Excellent content, thank you! There's an additional, more nuanced reason why REITs focused on residential properties face challenges in a high-interest and high-inflation environment: escalating administrative and maintenance expenses. These costs are surging due to increased prices for goods, services, and labor. Compounding this issue, regulatory caps often prevent REITs from raising rents swiftly enough to offset inflation-driven cost increases. Moreover, social pressures could lead to further constraints, such as rent freezes or other regulatory measures, potentially eroding any remaining profits, assuming they still exist.
Hey Sven, thank you as always. If REIT is not ripe yet for the catching, what would you say are some high yield (4-5%) options for the income oriented investors in this market? MLP are tricky for Europeans because of tax reasons. What does it leave on the table? Thanks for considering
I have some SRU.UN as well and quite like it. I noticed the 'ok' debt but it was the development plans that caught my eye. I bought it for the dividend and long term growth, not looking for anything in the short term...
I kinda like REIT’s, but certainly most of them are overvalued and also overleveraged... I just invest in the cheapest and best and I'm planning on reducing my positions because all this debt bubble that's gonna burst catastrophically sooner or later! Meanwhile I get nice dividends and some price gains too. Thanks.

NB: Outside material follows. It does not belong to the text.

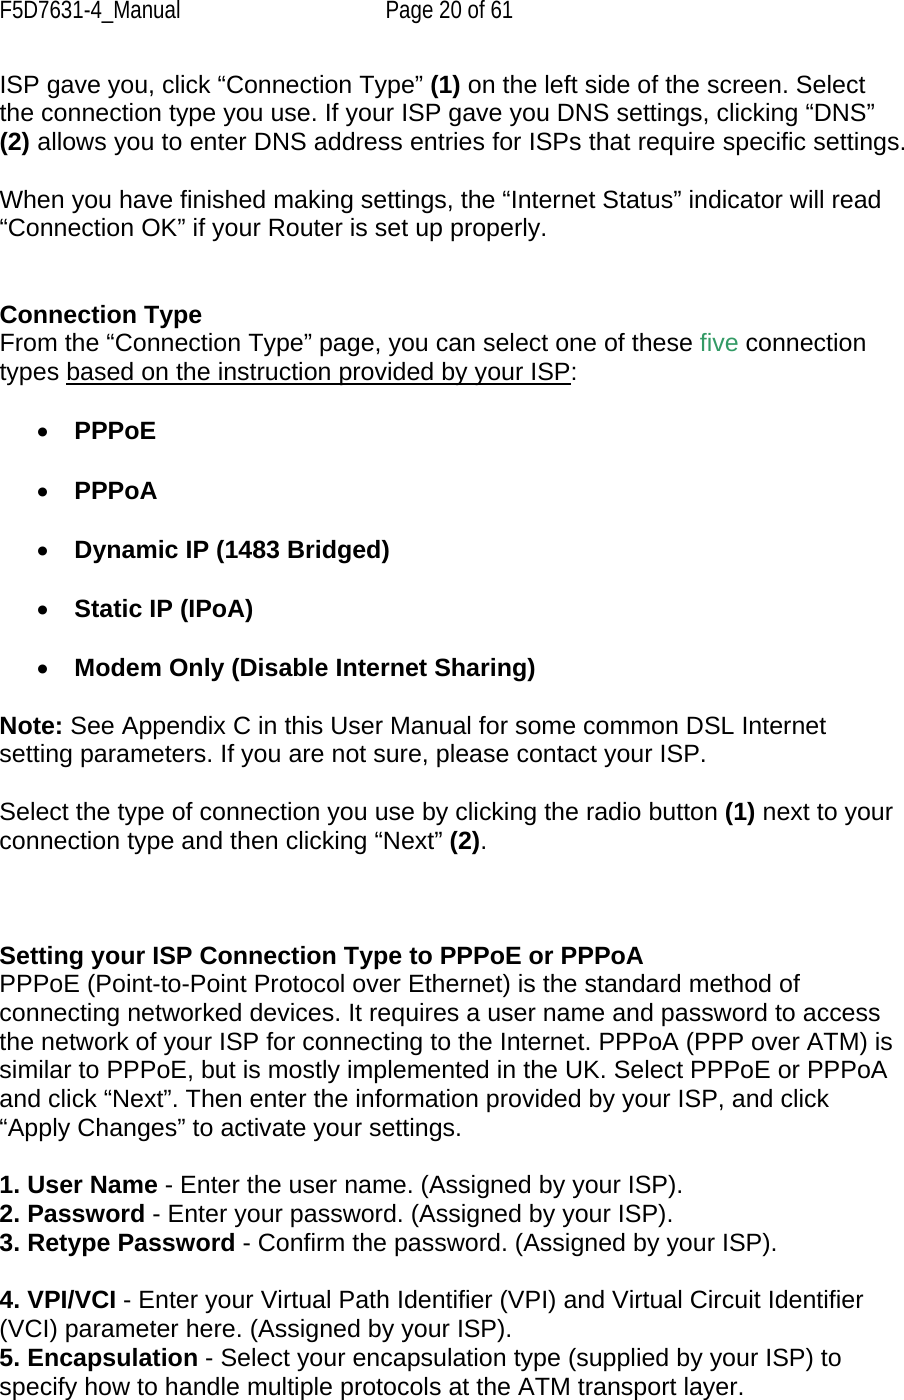 F5D7631-4_Manual  Page 20 of 61 ISP gave you, click “Connection Type” (1) on the left side of the screen. Select the connection type you use. If your ISP gave you DNS settings, clicking “DNS” (2) allows you to enter DNS address entries for ISPs that require specific settings.  When you have finished making settings, the “Internet Status” indicator will read “Connection OK” if your Router is set up properly.   Connection Type From the “Connection Type” page, you can select one of these five connection types based on the instruction provided by your ISP:  •  PPPoE  •  PPPoA   •  Dynamic IP (1483 Bridged)   •  Static IP (IPoA)   •  Modem Only (Disable Internet Sharing)  Note: See Appendix C in this User Manual for some common DSL Internet setting parameters. If you are not sure, please contact your ISP.  Select the type of connection you use by clicking the radio button (1) next to your connection type and then clicking “Next” (2).    Setting your ISP Connection Type to PPPoE or PPPoA PPPoE (Point-to-Point Protocol over Ethernet) is the standard method of connecting networked devices. It requires a user name and password to access the network of your ISP for connecting to the Internet. PPPoA (PPP over ATM) is similar to PPPoE, but is mostly implemented in the UK. Select PPPoE or PPPoA and click “Next”. Then enter the information provided by your ISP, and click “Apply Changes” to activate your settings.  1. User Name - Enter the user name. (Assigned by your ISP). 2. Password - Enter your password. (Assigned by your ISP). 3. Retype Password - Confirm the password. (Assigned by your ISP).  4. VPI/VCI - Enter your Virtual Path Identifier (VPI) and Virtual Circuit Identifier (VCI) parameter here. (Assigned by your ISP). 5. Encapsulation - Select your encapsulation type (supplied by your ISP) to specify how to handle multiple protocols at the ATM transport layer.

Thanks Sven and thanks for the Canadian shoutout eh! The Canadian housing market seems to be in a bubble but one must keep in mind that Canada's population is growing like crazy with immigration. I think something like a million people immigrated to Canada in 2023. Thats 2.5% of the population in one year! And that's scheduled to keep going per gov't immigration targets for the next several years. All of those people need a place to live in. I think smartcenters is in a good position to capitalize, but of course there can be a much better time to buy if/whem market panics.
as a real real estate and stock investor myself, I will share my point of view: individual pieces of RE you can have higher return and also higher risk. also having to take care of it. The biggest risk is the lack of cash flow when the property is empty, specially if you leveraged it. REITs will offer a lesser and more tranquill cash flow with zero effort to manage it. I recommend finding yourself a balance. Too many RE properties and it will become a full time job.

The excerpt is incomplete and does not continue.